Will have an option to create a matview without filling it with data. pg_dump would use this. Would deal with the various ways of updating matviews, like incremental, later. If you wanted incremental updates on a matview which is too complex it would error. Further down, doing incremental updates via queueing mechanism.

Also, there's the optimizer -- substituting matviews for base tables automatically. That would be much later. Josh mentioned that someone had already written code for that. KaiGai asked about SE-Postgres and matviews, and discussed it with Kevin. Josh also asked about eventually doing on-request refresh.

Simon wants us to call it something different from Materialized Views, becuase we won't have the optimizer stuff which Oracle does. Kevin is calling it declarative materialized views. And it's not clear that we want to handle query rewrite the same way Oracle does. We can have synchronous update of matviews, but more useful is queueing updates of the views to that they are "eventually consistent". Kevin talked about cranky judges.

Phase I is just do do the object type and manual refresh. Incremental update will be later. There's a couple other things you can do if you can guarantee that the matview data would produce the same result. There was discussion around what to call the feature given that we'll be implementing matviews in several releases.

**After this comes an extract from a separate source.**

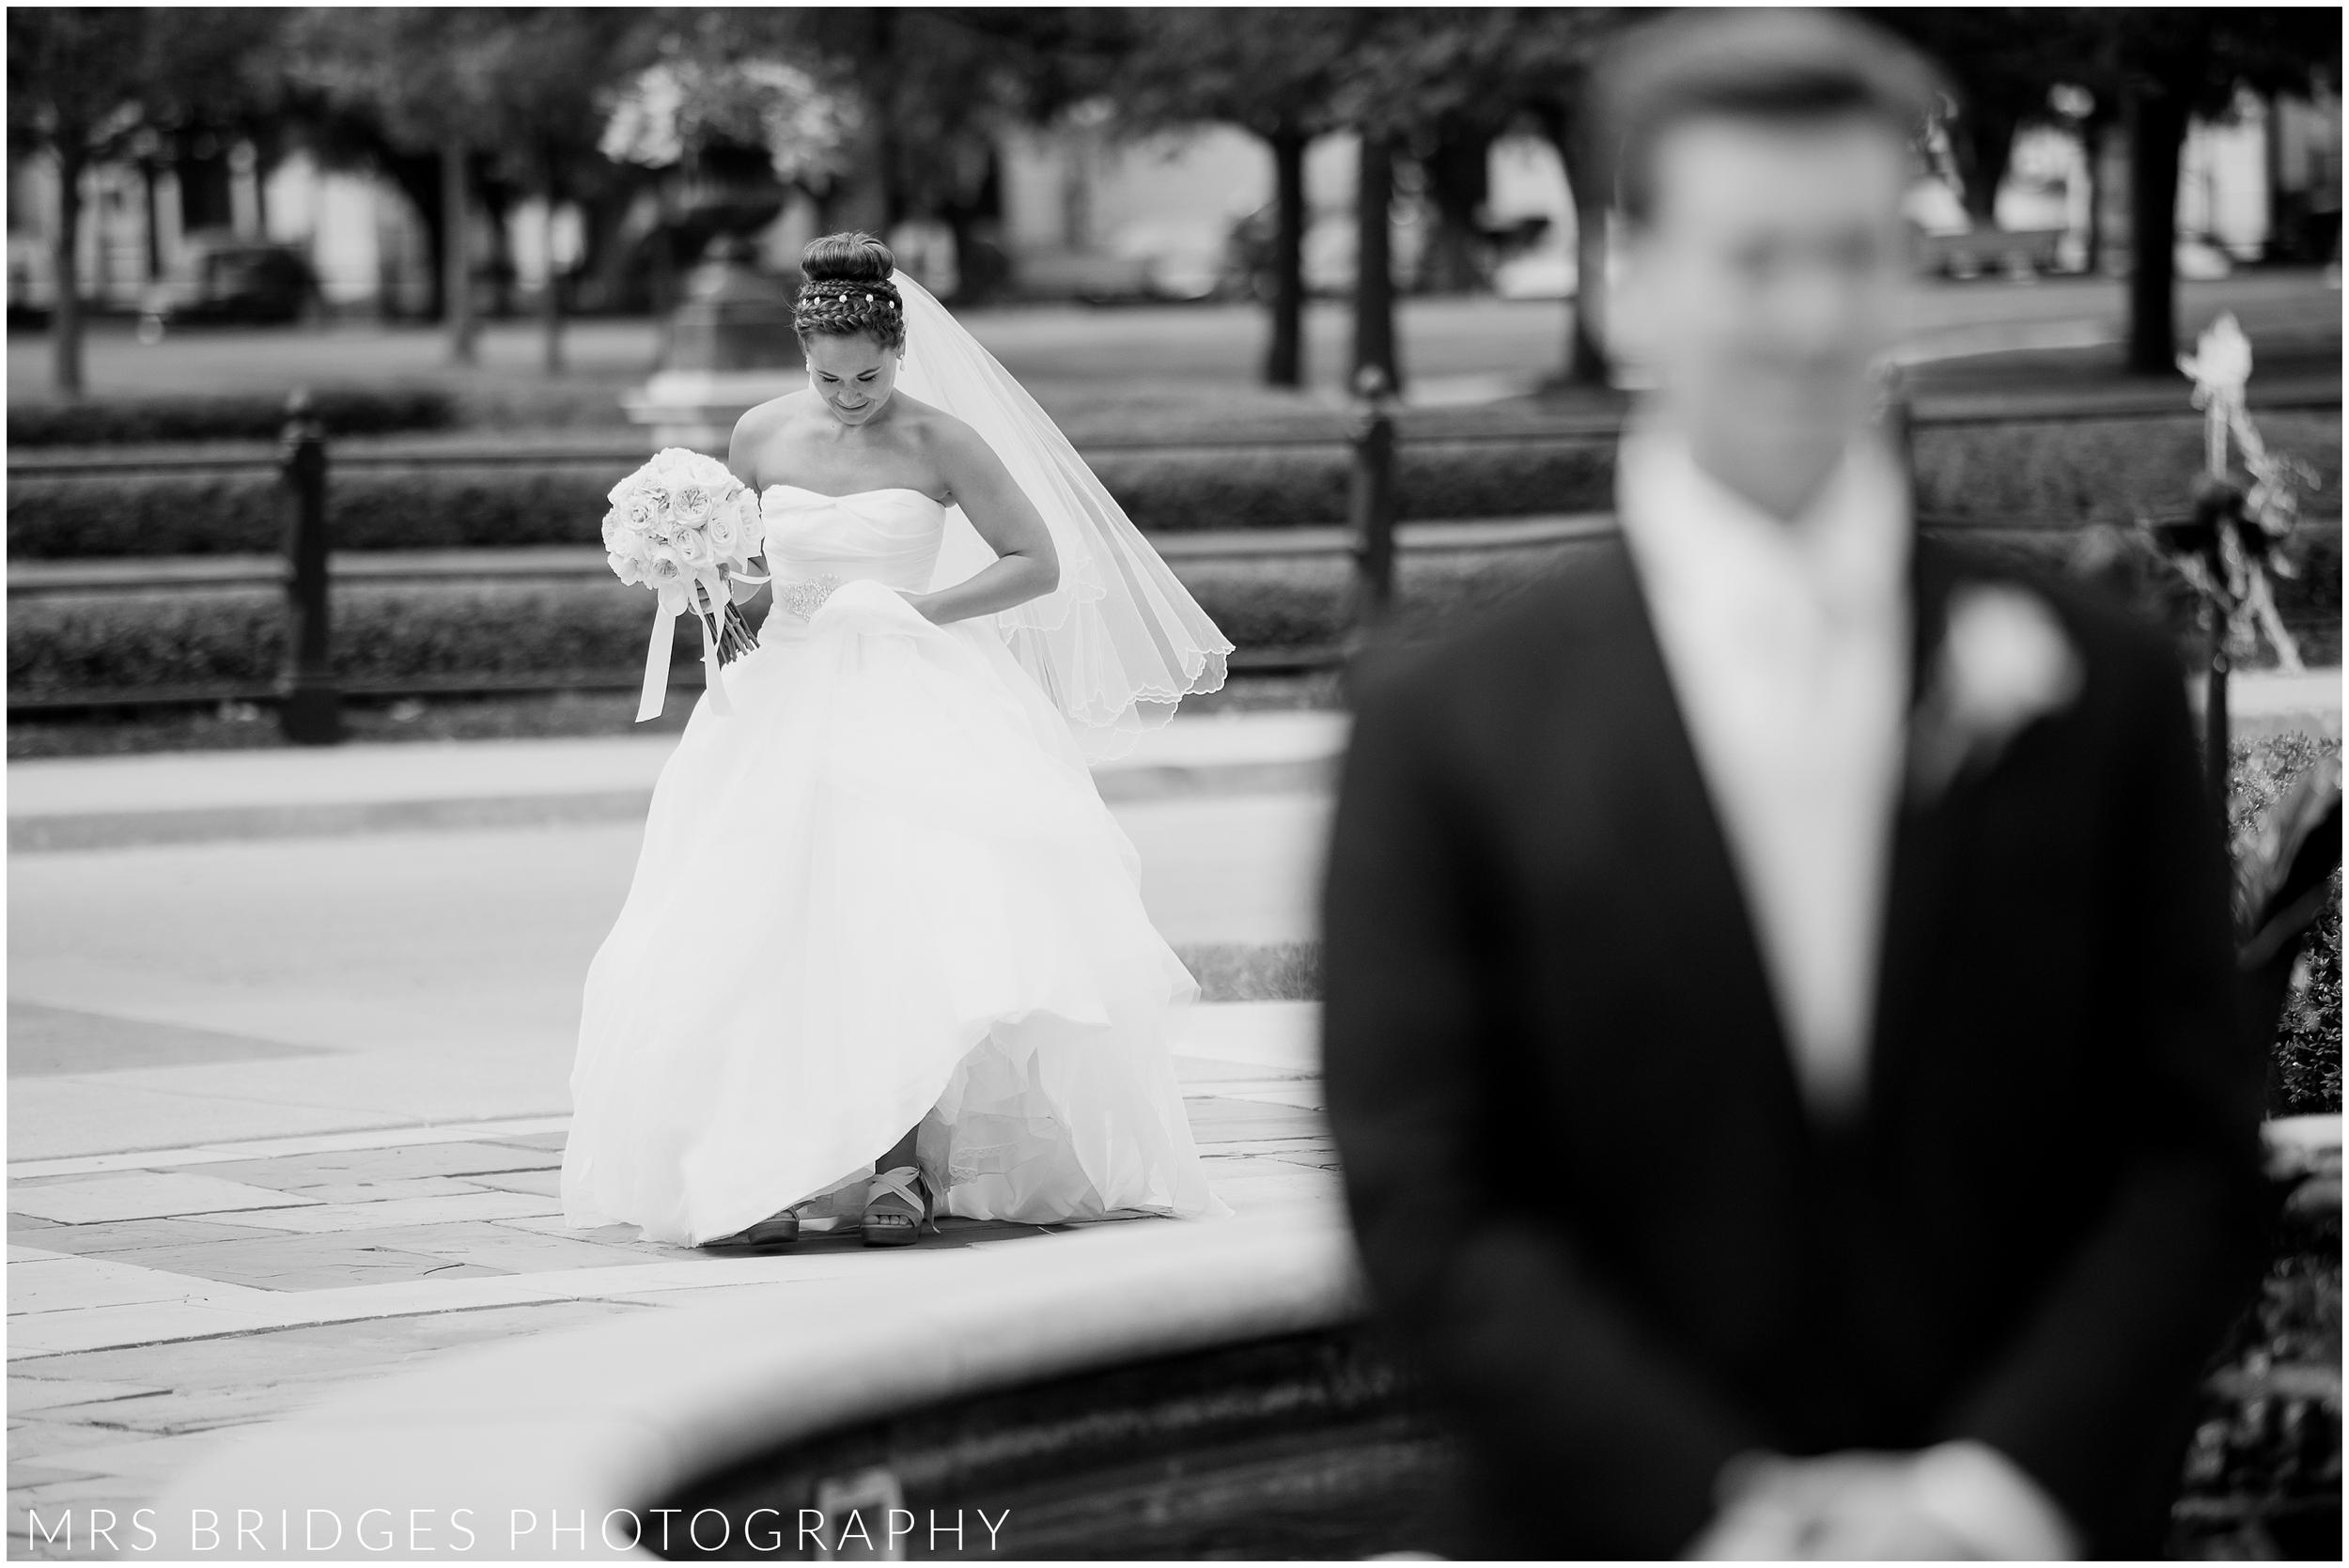 Rebecca_Bridges_Photography__2843.jpg

Dimitri suggested that we could use matviews as a working concept for correlation stats. Simon discussed issues of setting acceptable staleness at data request time, both for matviews and for replication.

=== In place upgrades & Checksums ===

Where had the page format discussion gone wrong in the past? There's 4 issues:

* adding more bytes in the header
* having multiple page views
* time required to upgrade

The whole discussion talked about 32-bit checksums. But with 16-bit checksums, we could borrow pg_tli, and add a checksummed bit. Greg said we bump the page format, Robert said no. Greg wants us to "get practice" in having new page formats. We need to flag whether or not the page is checksummed. Will we ever need 32-bit checksums? If we implement 16-bit, we'll find out.

Simon analyzed the error rate with 16-bit checksums, and felt that it was enough for an 8K page, but not a 32K page. Not clear on why it makes a difference on what the size of the page is. Plus we're not expecting an error on just one page.

What are we planning to include in the checksum? What are we going to checksum? Jeff has been looking at issues where whole disk blocks are getting swapped. Suggested including the relfilenode etc. in the checksum in order to make sure that the page is where it's supposed to be. Would it prevent us from moving data around? Changing tablespaces, etc. might be an issue. Is table OID better or worse than relfilenode? Discussion of what pg_upgrade does. OID seems better.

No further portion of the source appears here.